Similarly, The Lovers and the Despot reveals how differently two people might react to the same situation. Chin resists Kim’s charm and jokes, and she instead notices the regimental ordering of her diet and dress that signals a dangerous captor. Kim, however, seduces Shin with his enthusiasm as a producer. The film explains how Shin’s ambitions in South Korea often outpaced his means, so Kim’s willingness to throw money at his propaganda mission delivered budgets bigger than those that the director could ever imagine south of the border. The artists and the dictator crank out movies faster than Woody Allen makes them, producing a whopping 17 films in under eight years.

Kim isn’t much of a producer, but his interest lets this Argo-ish caper expose a character rarely caught on film. Interviews fuel the intrigue while a healthy amount of stylised re-enactment footage gives the doc the pulse of the thriller as the Sin and Choi escape death, Hollywood-style.

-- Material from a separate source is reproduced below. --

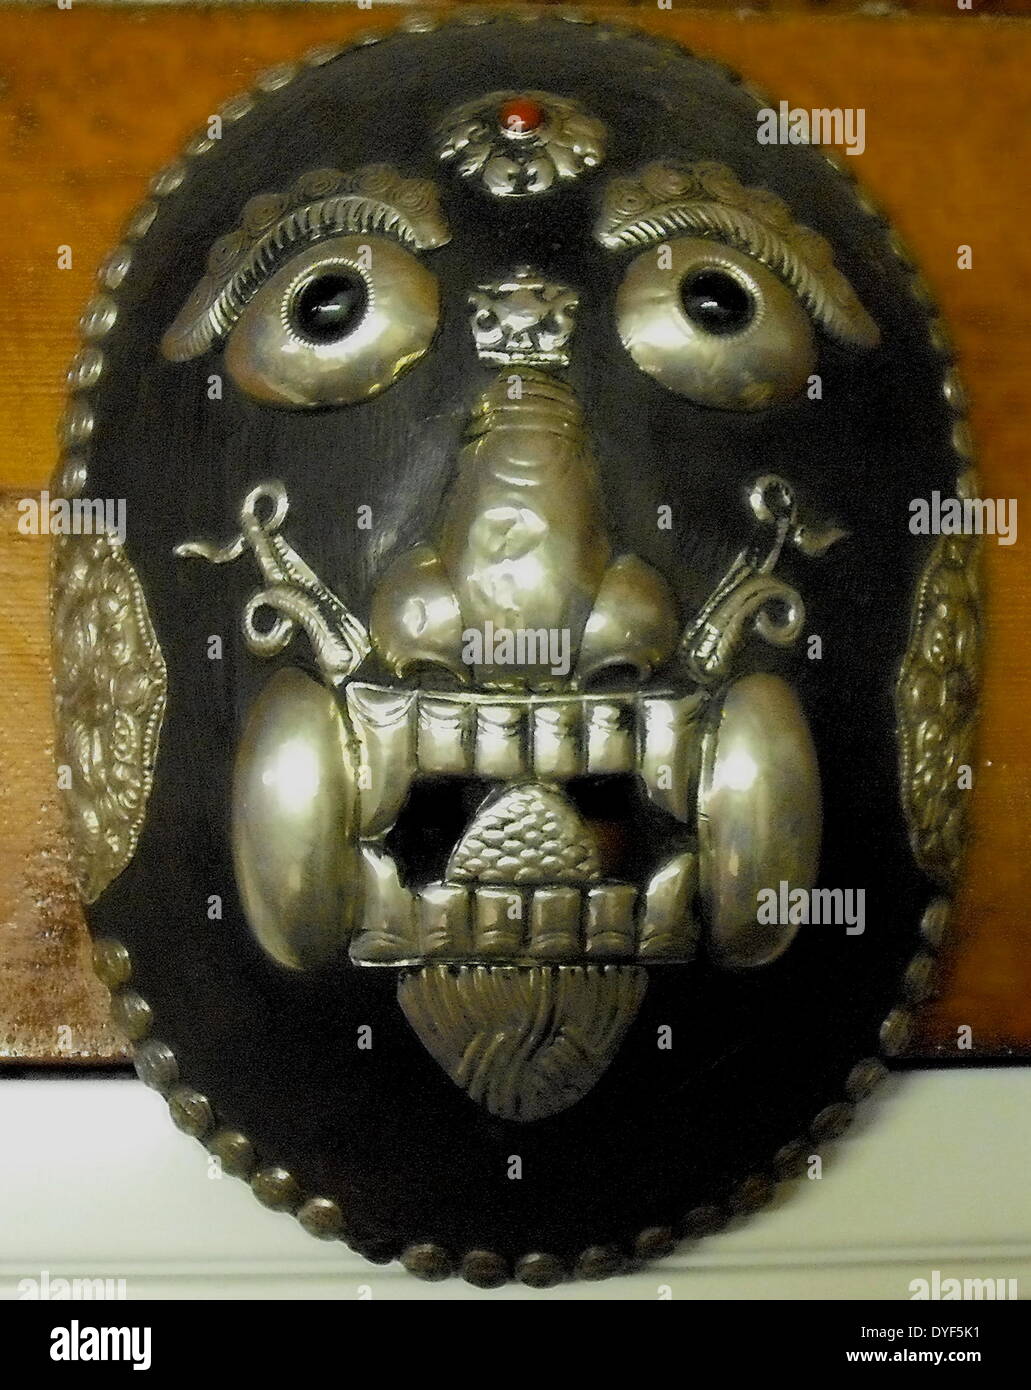 L'ancien Tibet : Mahakala masque, la fin de la dynastie des Qing ; 1800 - 1912 AD, de Lhasa, Tibet. Une divinité protectrice avec une jante de cinquante crânes. Bois et argent. Troisième œil sur le front. Banque D'Images

The value of The Lovers and the Despot comes not so much through its entertainment value or white-knuckler of a story. Rather, Cannan and Adam find a wealth of material that shows what Kim was like as a man and a leader. Choi recalls episodes in which she and Shin captured conversations and evidence on a tape recorder to document their ordeal. These audio tapes offer invaluable soundbites of the Korean dictator in action. Even the spies who appear in The Lovers and the Despot speak of encountering the man’s voice through these tapes. The recordings offer Kim a surprising level of humanity as he speaks of his dream and vision, but they also reveal a troubled man, which the first-hand accounts from Choi further as he speaks of escaping his regime.

The Lovers and the Despot illustrates the creation of a false national identity through art as images without an element of humanity create god-like figures. Snippets of the iconic footage of North Koreans in states of hysterical mourning for Kim Il-Sung show the effects of brainwashing through iconography and propaganda, and the power that images play when people have so few alternatives to counteract them. This doc is a suspenseful tale, but also a telling one about the films we love and the dreams they may inspire.

The Lovers and the Despot opens in Ottawa at The ByTowne and in Toronto at the Hot Docs Ted Rogers Cinema on Friday, September 30.